━━━ DATA EXCERPT ━━━
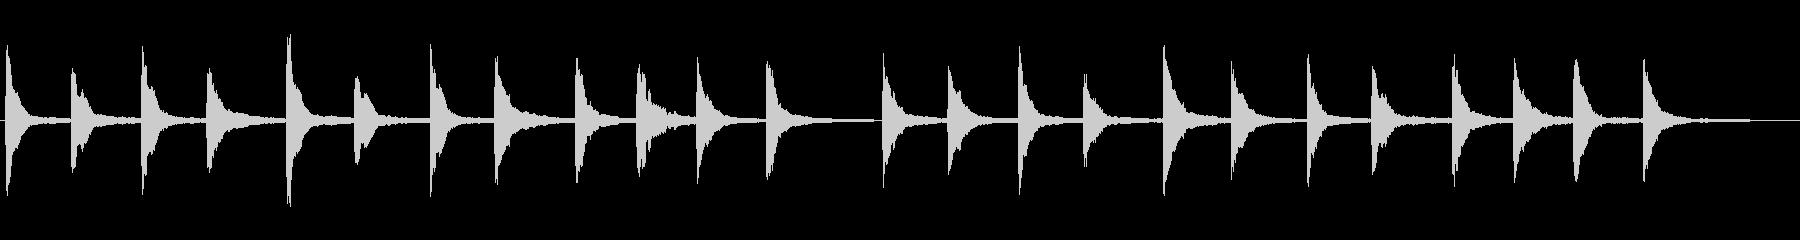 映像に効果的なピアノ+シンセ(シンプル)の未再生の波形
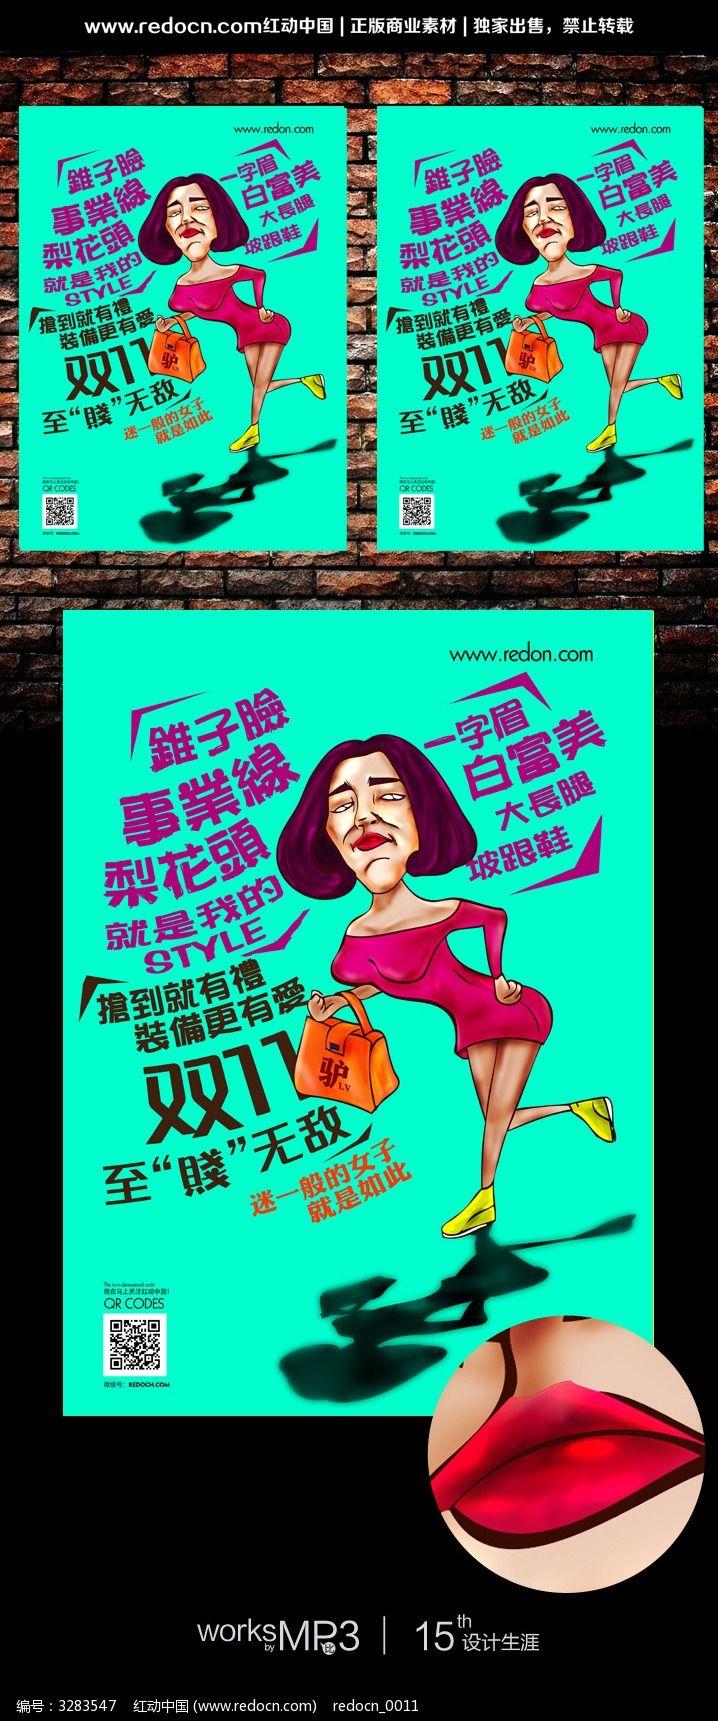 服装双11促销海报图片
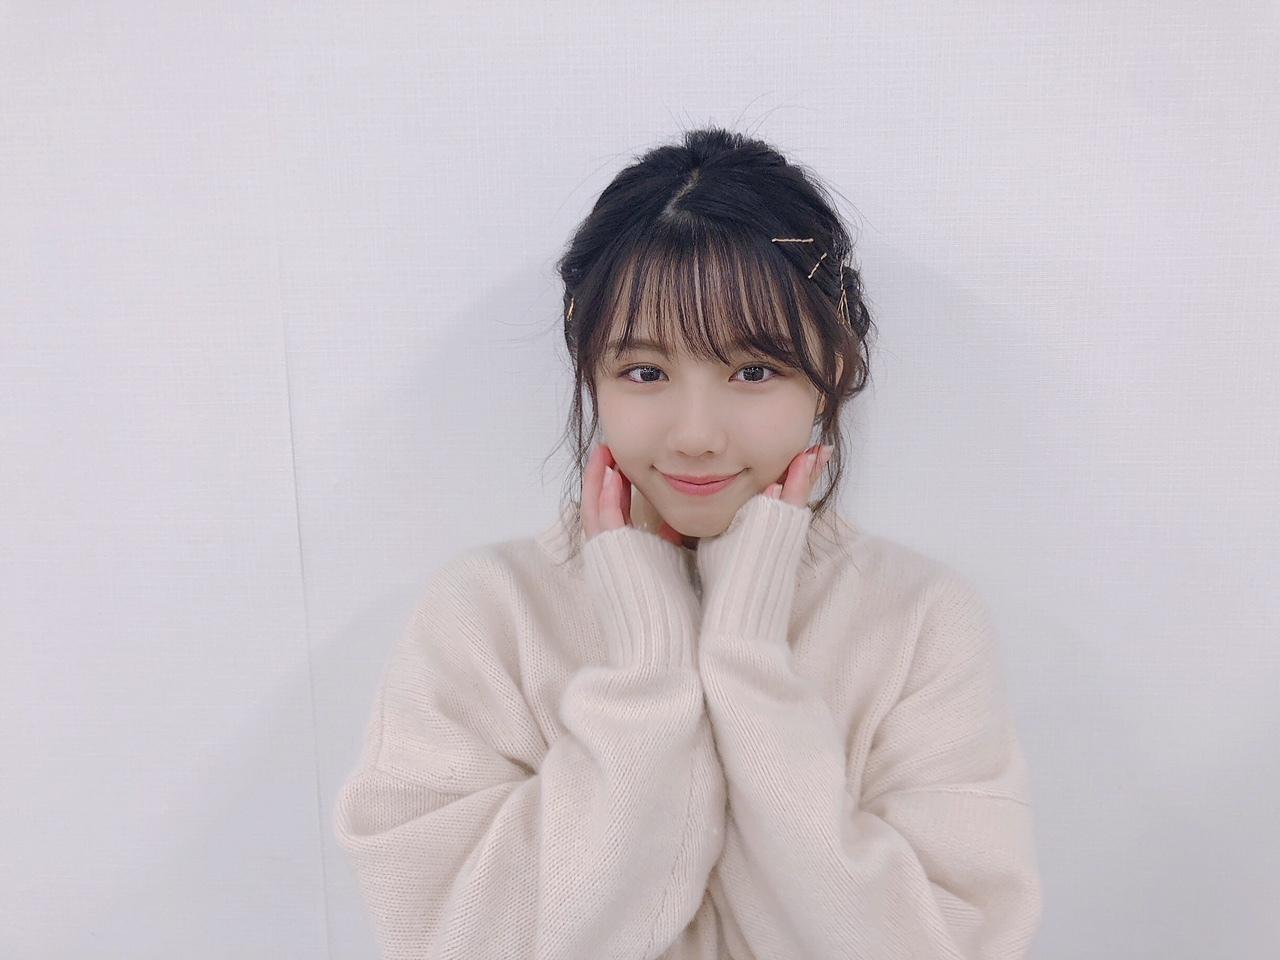 欅坂46・渡邉美穂「もうムリ」とブログ更新しネット・SNS騒然
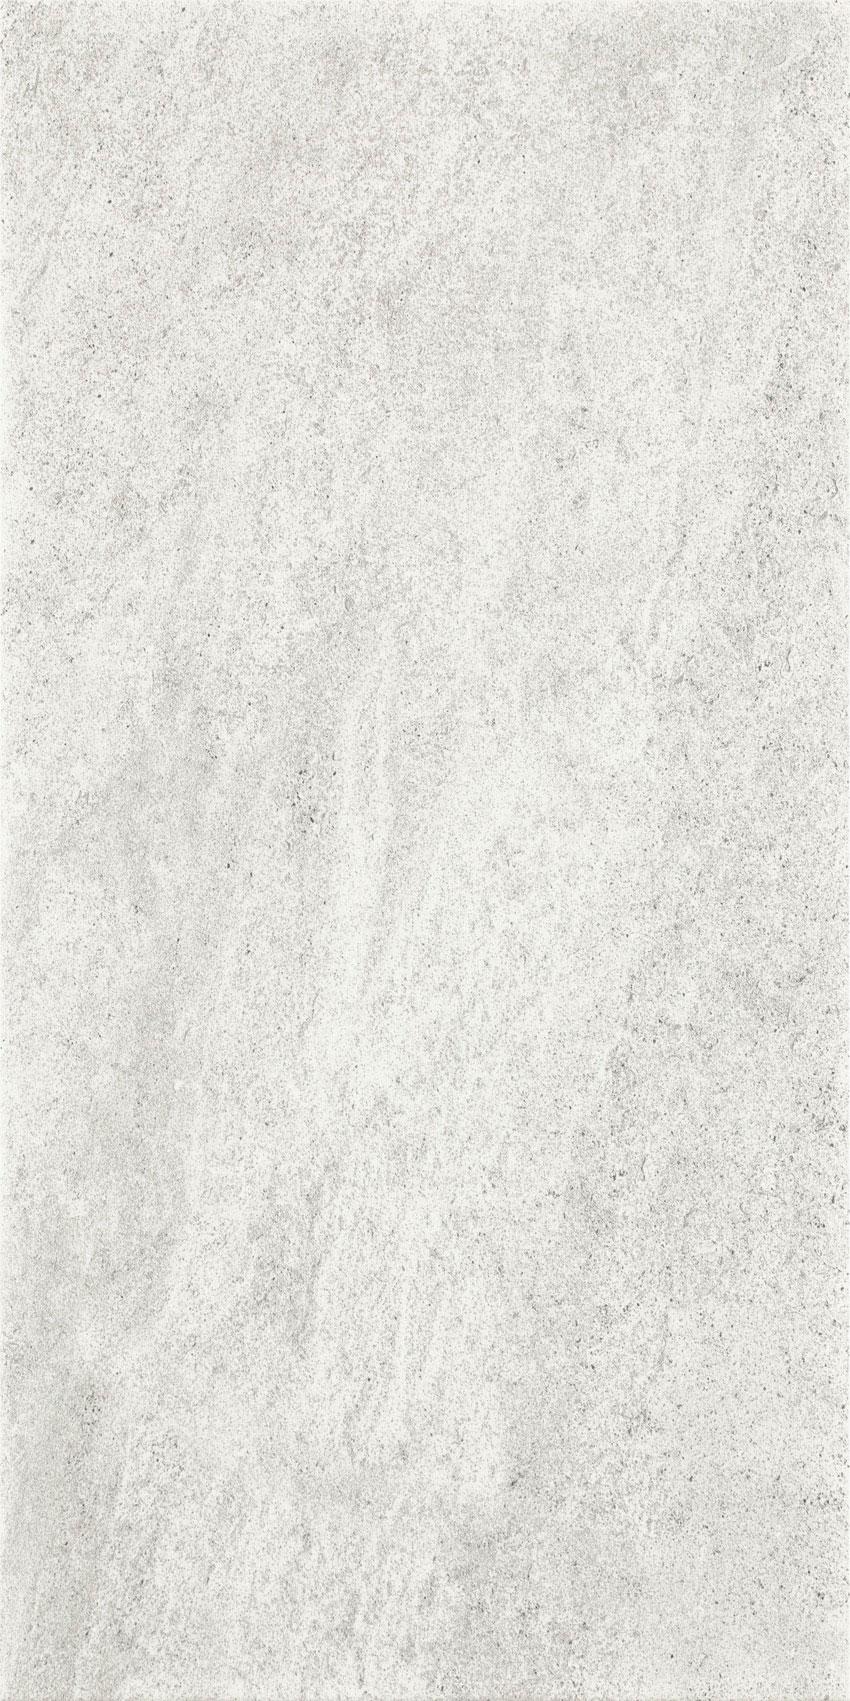 Настенная плитка Ceramika Paradyz Emilly grys 30x60 (1,44) бордюр paradyz emilly milio sepia 2 3x60
━━━
**THE TASK**
From the line with "欅坂46・渡邉美穂「もうムリ」とブログ更新しネット・SNS騒然" through the end of the listing, write out every line exactly, leaving out the pictures.

**RESPONSE TO THIS EXERCISE**
 欅坂46・渡邉美穂「もうムリ」とブログ更新しネット・SNS騒然
 Настенная плитка Ceramika Paradyz Emilly grys 30x60 (1,44) бордюр paradyz emilly milio sepia 2 3x60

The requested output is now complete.